Let the authority of a user be determined by anything that exists in the subject space (and not outside). Let the authority of a user be determined by things in the subject space, dependent of the distance.

Abstract

We assume we calculate global authority for a user (u) in the following way:

[a(u) = 1 + \mathrm{influencing_authority}(f_i)]

where (f_i \in \mathrm{created_facts}(u))

We now make this authority subject specific in the following way:

[a(u,f_X) = 1 + \mathrm{influencing_authority}(u,s_i)]

where (s_i) are the subjectspaces that contain fact (f_X). In this document we will describe how we will determine which subjectspaces exist and in which subjectspaces a fact is contained, and how we can calculate the influencing authority of a subject space based on the influencing authority of the facts contained therein.

Terminology

Throughout this document I will try to use the following terms:

  • Authority: This is the braincycles a user gathers, authority is an unit which always refers to something a user has or receives
  • Credibility: this is the braincycles a fact(wheel) gathers, this always refers to something a fact has or receives
  • Topic: new word for subjectspace

Defining a subject space and calculating it's incluencing authority

A subject space is defined by a word, which is also used as a channel title. For instance, this could be 'Ruby' or 'Neuropsychology'. A subject space can contain many channels (all bearing its name). Facts can be contained by none, some, or all of those channels. The amount of relative participation of a fact in a certain subject space (as compared to other subject spaces) defines how much of the influencing authority trickles down.

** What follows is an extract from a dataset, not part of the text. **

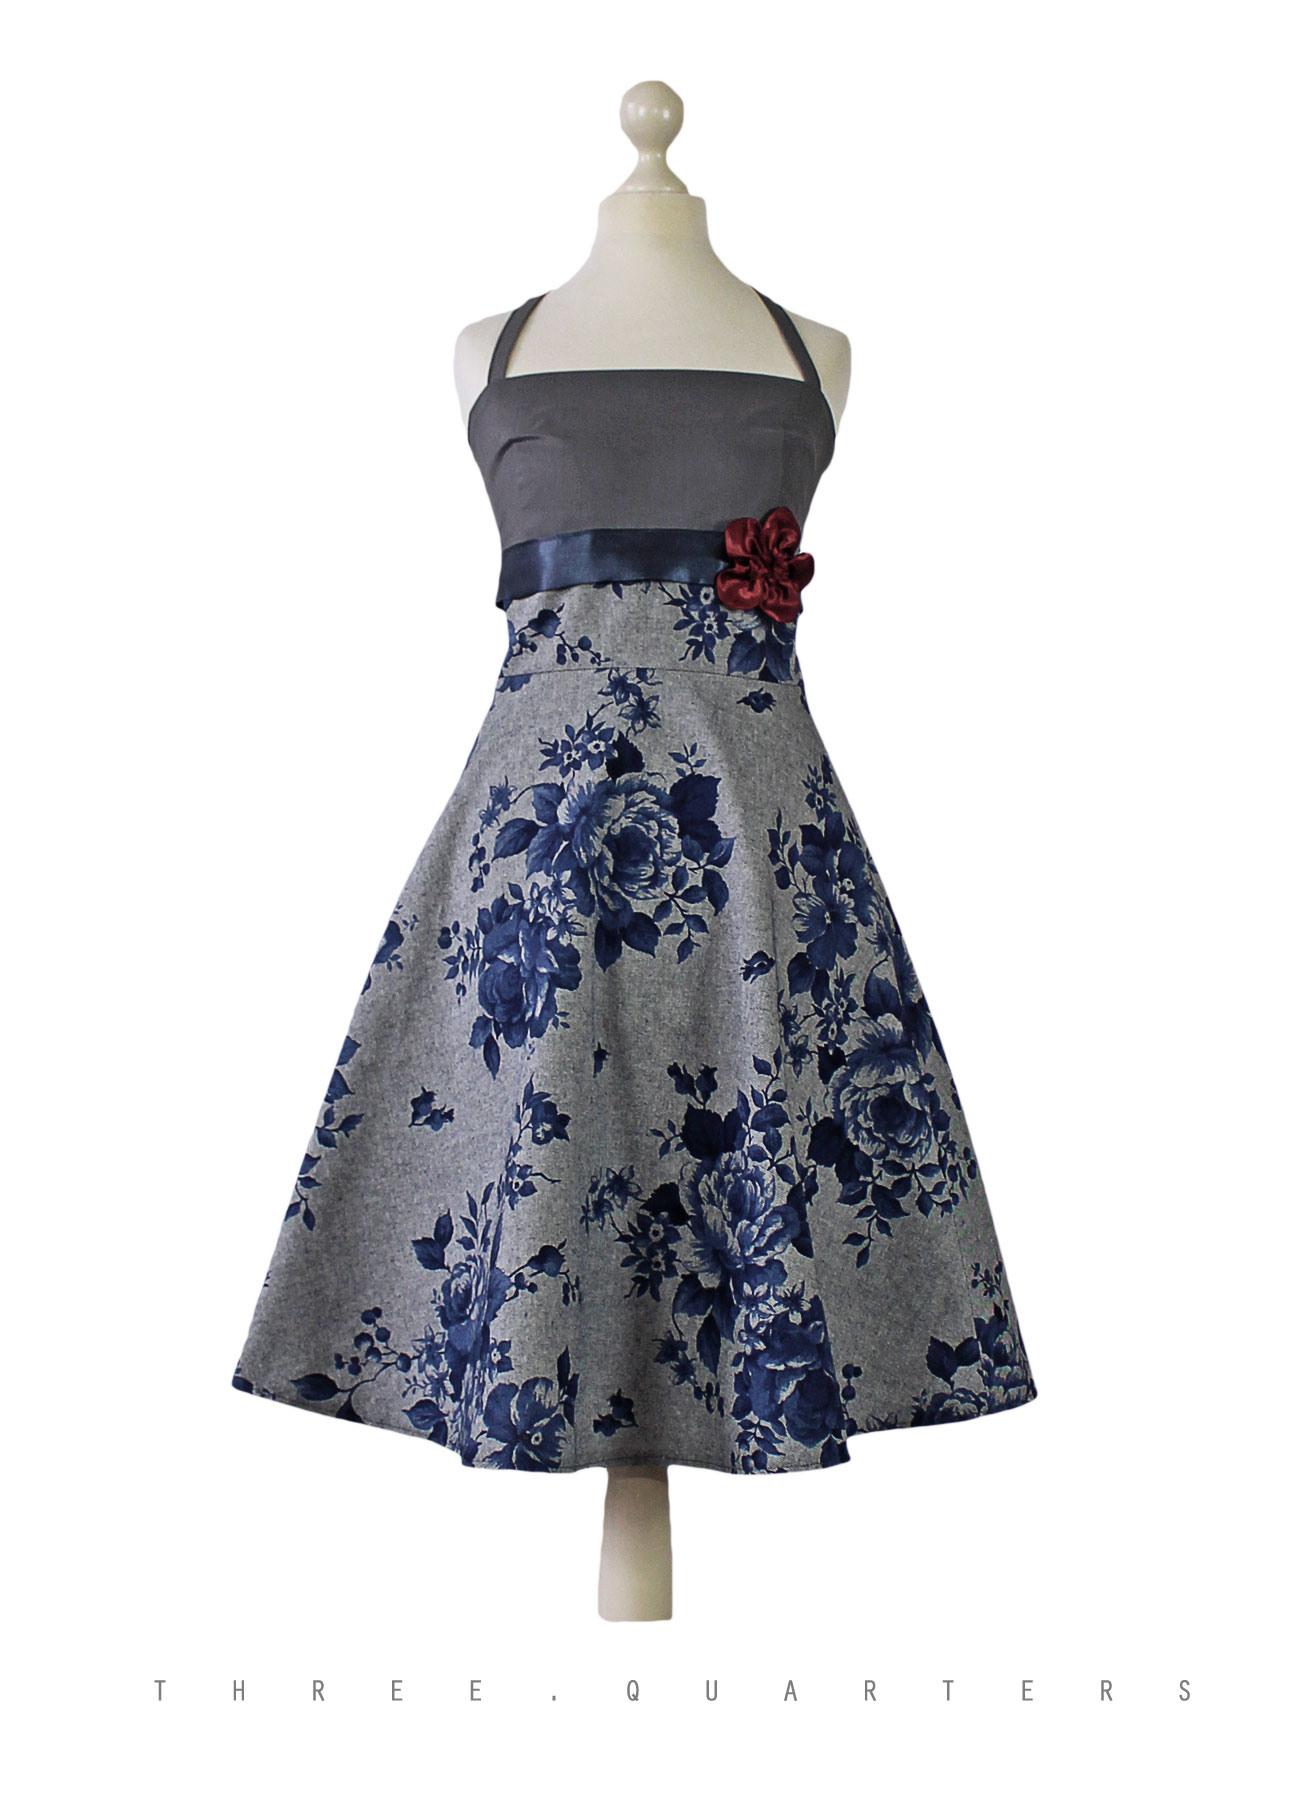 Three-Quarters - Kleid, Rosen, Hochzeit, Sommerkleid, Blumen

For instance, when a fact of user u participates in 2 'ruby' channels, and in 3 'dynamic languages' channels, and it has 5 influencing_authority, this fact will contribute 2 to the 'ruby' authority of the user, and '3' to the 'dynamic languages' authority of the user.

More formally:

  • (ch(f)) The channels which contain the fact f
  • (ch(f,s)) The channels in subject space s which contain the fact f
  • (ia(f,u)) influencing authority of the fact f for user u (zero if the user has not created the fact)

We can now define the influencing authority of a user on a subject space:

[ia(s,u) = \sum_{f \in s} \frac{ch(f,s)}{ch(f)} * ia(f,u) ]

Calculating the credibility of a fact based on its believers

When we now want to calculate the credibility of a fact we can do the same thing backwards. We look in which subject spaces the fact is contained, and take a weigthed average per believer of its authority in those respective subject spaces. So:

[c(f) = \sum_{u \in \mathrm{opiniated}}\sum_{s \in \mathrm{containing subject spaces}} \frac{ch(f,s)}{ch(f)} * a(s,u) ]

Open issues:

  • when is a fact 'in' a channel? Is this only true if it is explicitly added? Or also if its in there because of its subchannels?
  • should we also look at the proportion (number of channels a fact is in for a certain subject space)/(number of channels in the subject space)?
  • in which topic is a factrelation? The topic of its to_fact? or from_fact?